# UK General Visitor Visa



## soraya (Feb 28, 2013)

Hi everybody
I intend to apply for a general visa to UK to go visit my boyfriend. I have read enough about most visa types that are suitable for me. I am convinced that a general visa is the right one for us because it gives me 6 months to be with him, know each other well, & know more about the British culture, which will help us later to apply for a spouse visa, but I want to be sure that my application has the more chances to be accepted. My boyfriend is eligible to sponsor me and willing to do all what it takes, but Im more worried about my situation :/ actually, Im not working, & have no bank account, & still living with my parents. will my situation be an obstacle to get the visa even if my boyfriend will be responsible for everything???


----------



## Joppa (Sep 7, 2009)

soraya said:


> Hi everybody
> I intend to apply for a general visa to UK to go visit my boyfriend. I have read enough about most visa types that are suitable for me. I am convinced that a general visa is the right one for us because it gives me 6 months to be with him, know each other well, & know more about the British culture, which will help us later to apply for a spouse visa, but I want to be sure that my application has the more chances to be accepted. My boyfriend is eligible to sponsor me and willing to do all what it takes, but Im more worried about my situation :/ actually, Im not working, & have no bank account, & still living with my parents. will my situation be an obstacle to get the visa even if my boyfriend will be responsible for everything???


Yes, you may have a tough time convincing the UKBA to issue a general visitor visa. Lack of strong home ties is one of the most frequent reasons for refusal, and you don't really have that. 
What you can do is to confine your stay to weeks rather than months. If you are successful, you can ask for a slightly longer period next time, and so on. Sometimes the UKBA give you the full 6-month visa even if you applied for less, in which you can stay legitimately for 6 months (you don't need to book your flights in advance). Or have a job to return to.
None of this may work, but it's worth a try.


----------



## soraya (Feb 28, 2013)

thank you so much Joppa, how long you suggest to me?? if I say 2 months is it good? or at least 6 weeks!!!!


----------



## Joppa (Sep 7, 2009)

A month maximum I'd say. You never know, they may still give you 6 months (it's at their discretion).


----------



## soraya (Feb 28, 2013)

ok, what if Im givven a month, can I extend it later while Im in UK??


----------



## Joppa (Sep 7, 2009)

soraya said:


> ok, what if Im givven a month, can I extend it later while Im in UK??

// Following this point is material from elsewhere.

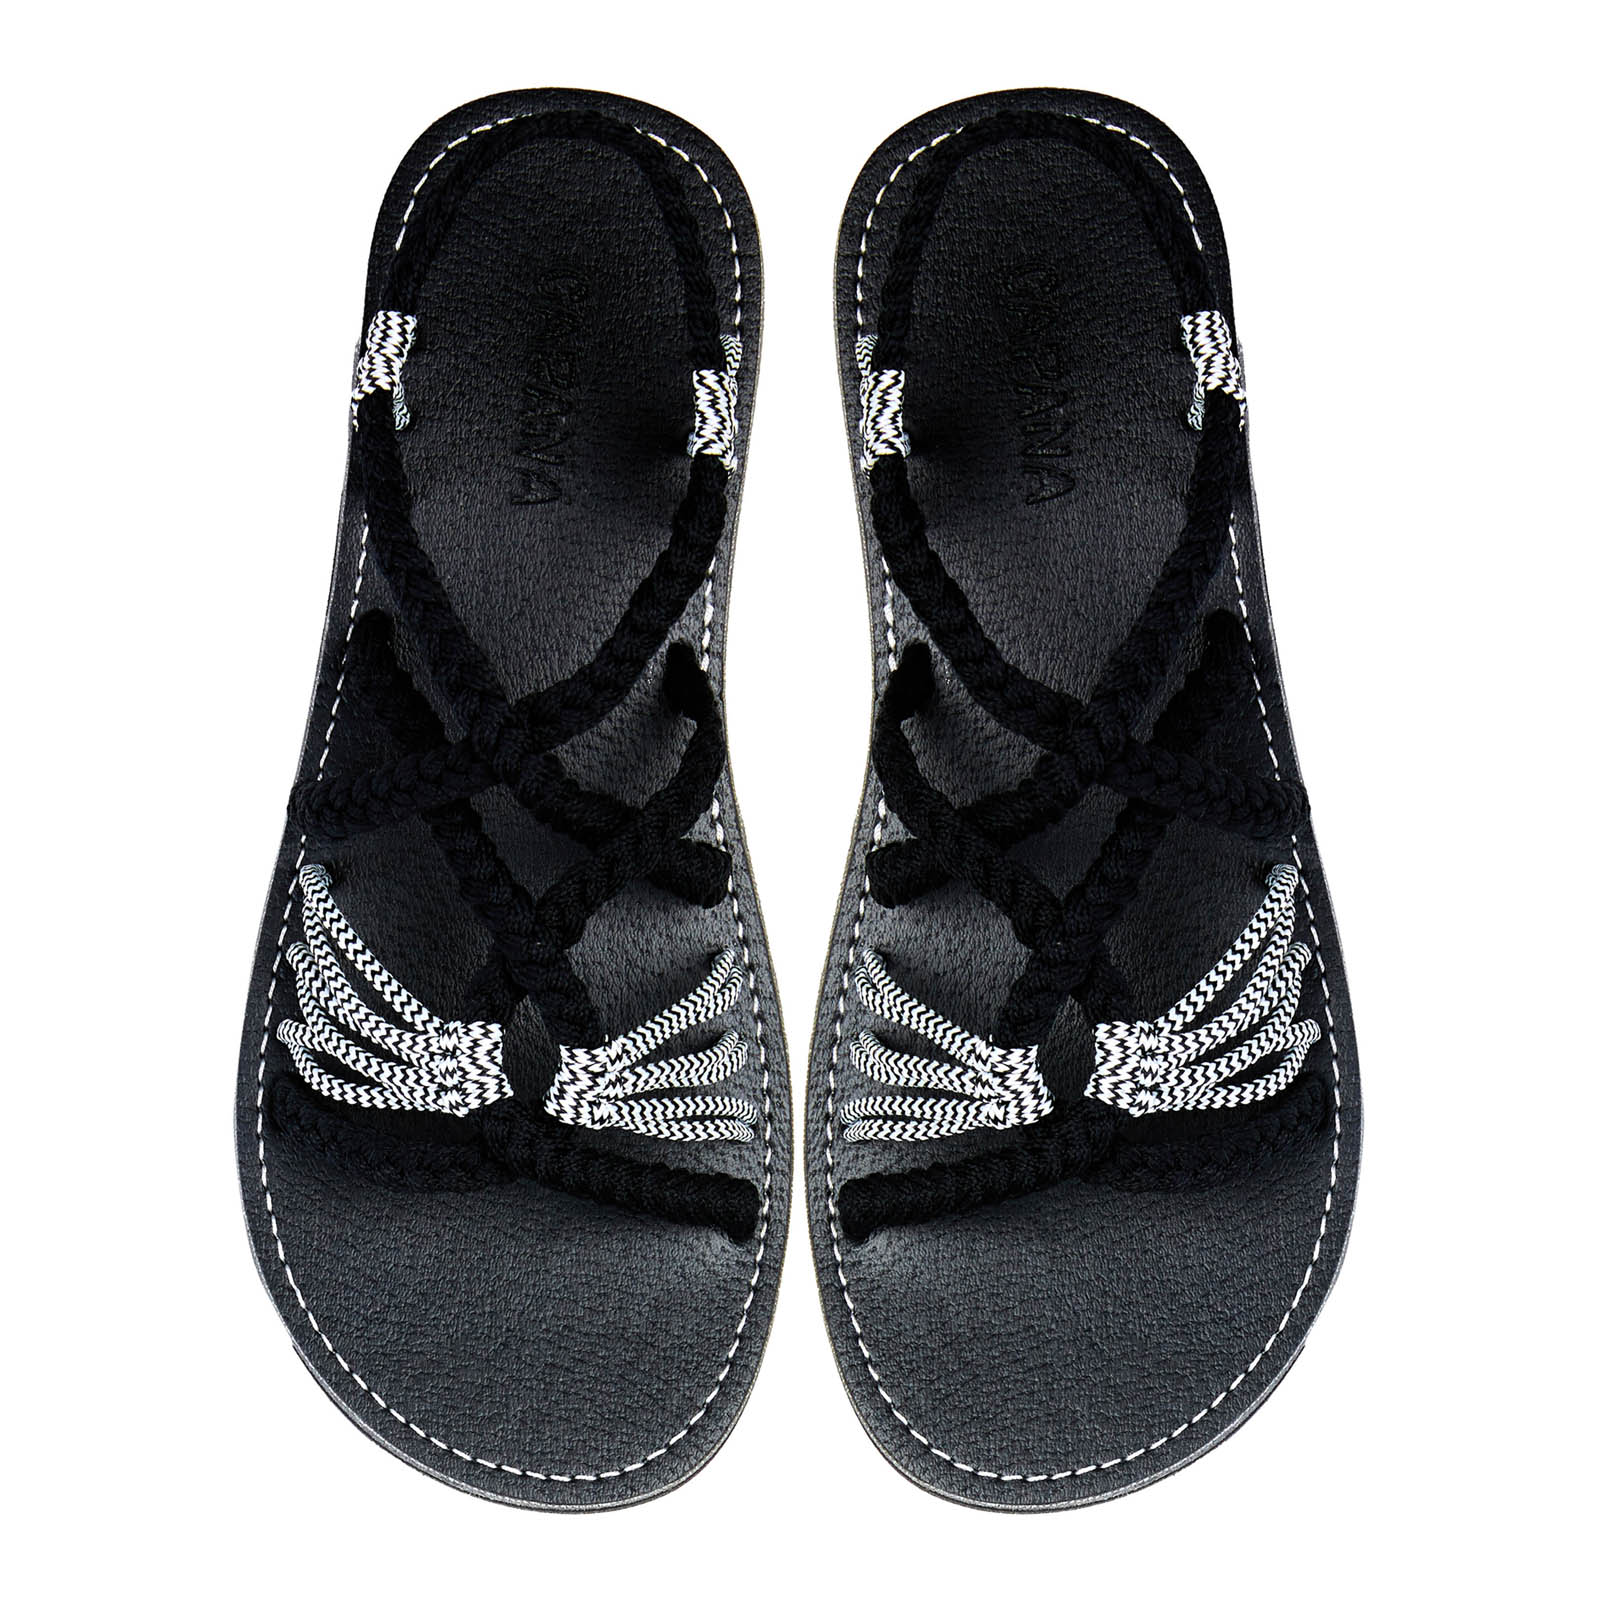 Relax Black Zebra Rope Sandals Black White Open toe wider design Flat Handmade sandals for women
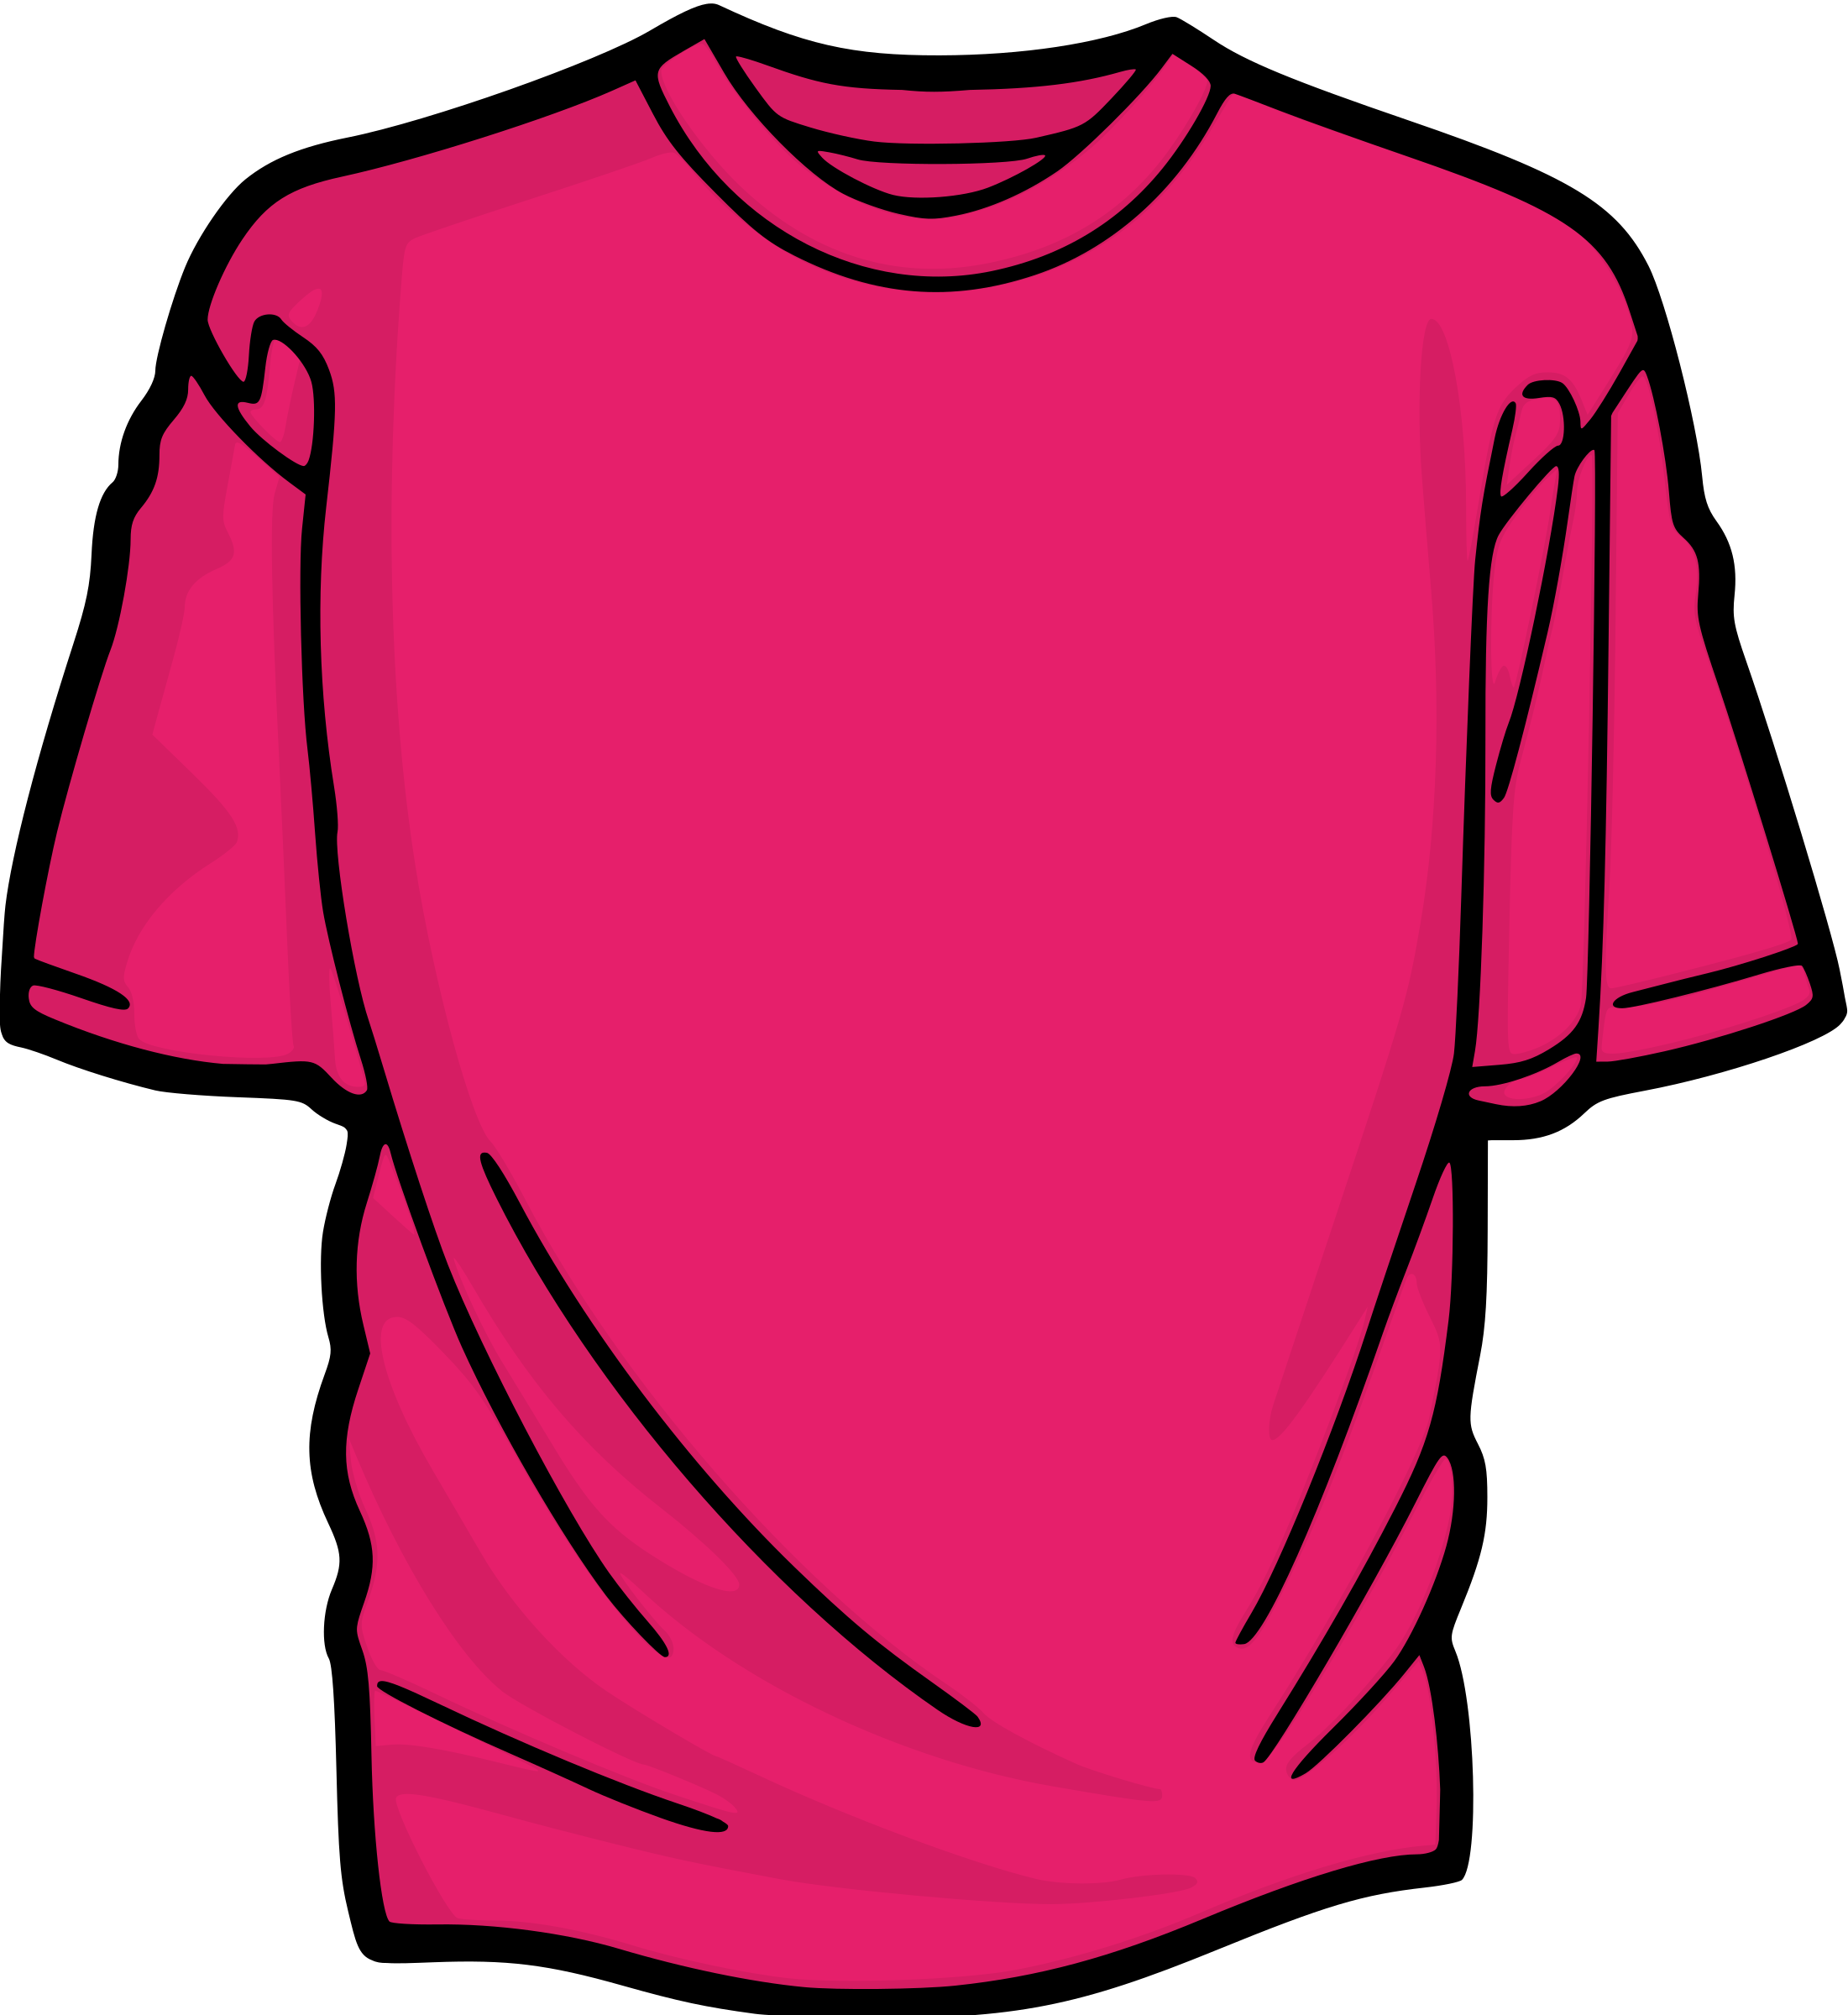 Shirt clipart colored shirt, Shirt colored shirt Transparent

You may try, but will cost you loads of money with no guarantee of success.
No, what I meant was that sometimes even if you apply for a month, they may still issue a visa valid for full 6 months. It's to do with their risk assessment of the likelihood of overstay or illegal work.


----------



## soraya (Feb 28, 2013)

Thank you Joppa for you reply & your time :clap2:
Can you suggest any papers that may strengthen my application? Apart from a birth certificate and maybe a single status certificate!! That is all I think of as papers that provide information about me


----------